“Norm of the North”

Susan Granger’s review of “Norm of the North” (Lionsgate)

 

Riffing on the animated popularity of “Ice Age” and “Frozen,” this CGI tale introduces an amiable, appealing, English-speaking polar bear named Norm (voiced by Rob Schneider) who dances the Arctic Shake.

After his King of the North grandfather (voiced by Colm Meaney) disappears, greedy Mr. Greene (voiced by Ken Jeong), an unscrupulous real estate developer, decides to airlift pre-fab condos, turning their pristine wilderness into a tourist attraction.

So Norm stows away on a boat to New York City, where he pretends to be an actor in a bear costume in order to infiltrate Mr. Greene’s nefarious operation in order to stop him.

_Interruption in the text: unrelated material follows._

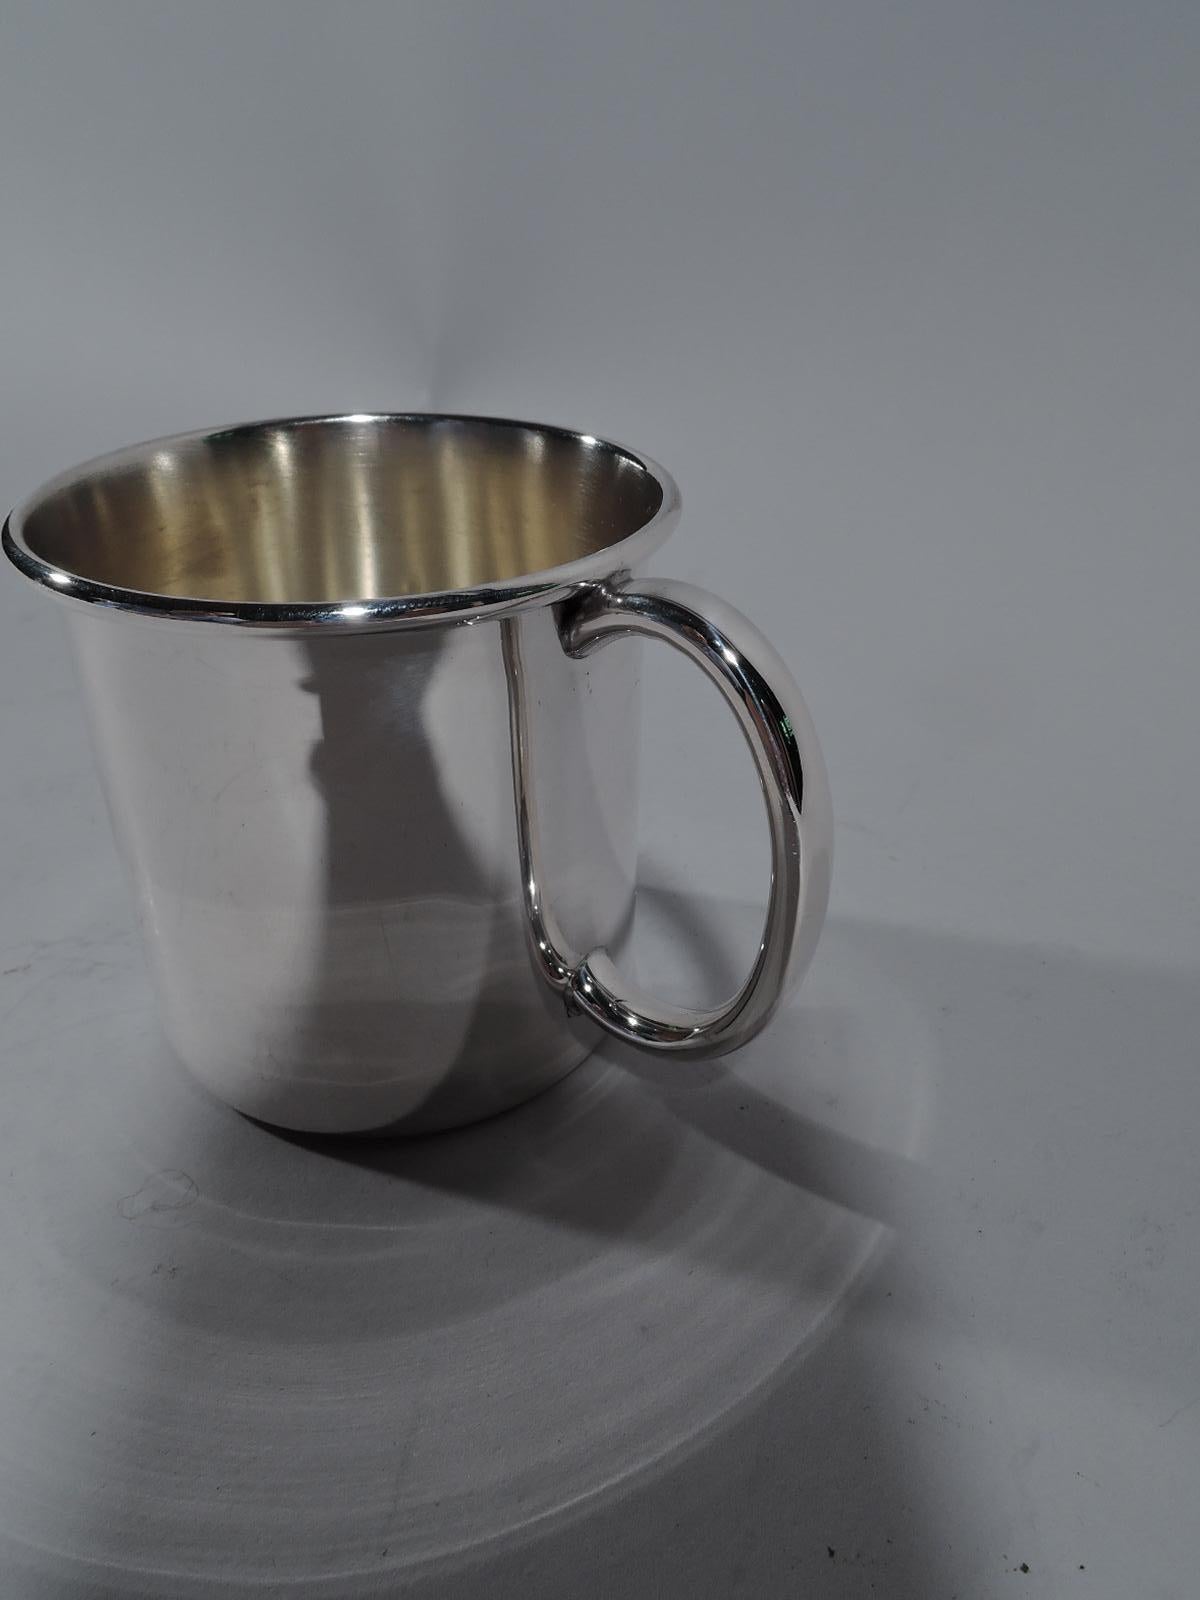 Plain and simple sterling silver baby cup. Made by Reed & Barton in Taunton, mass. Straight sides, C-scroll handle, and molded rim. The basic model that awaits engraving. Fully marked and numbered x 171. Weight: 2 troy ounces.

That’s where he crosses paths with Vera Brightley (voiced by Heather Graham), Greene’s marketing executive who’s eager to get her savvy daughter Olympia (voiced by Maya Kaye) into a better school. Lifting the concept of sidekicks like Minions, Norm is accompanied by three flatulent lemmings.

Scripted by Daniel & Steven Altiere and Malcolm Goldman, directed by Trevor Wall, the shoddy slapstick is not only derivative but formulaic. The characters are weakly developed and the animation is remarkably cheesy, particularly when compared with Pixar and Disney. The only bright spot comes from quips emanating from the seagull Socrates (voiced by Bill Nighy).

FYI: originally developed as a direct-to-DVD release, it somehow found its way into theaters, perhaps because of its perfunctory environmental message about the dangers of climate change.

On the Granger Movie Gauge of 1 to 10, “Norm of the North” is a stale, trivial 3; it’s a charmless, blandly boring 93 minute interlude.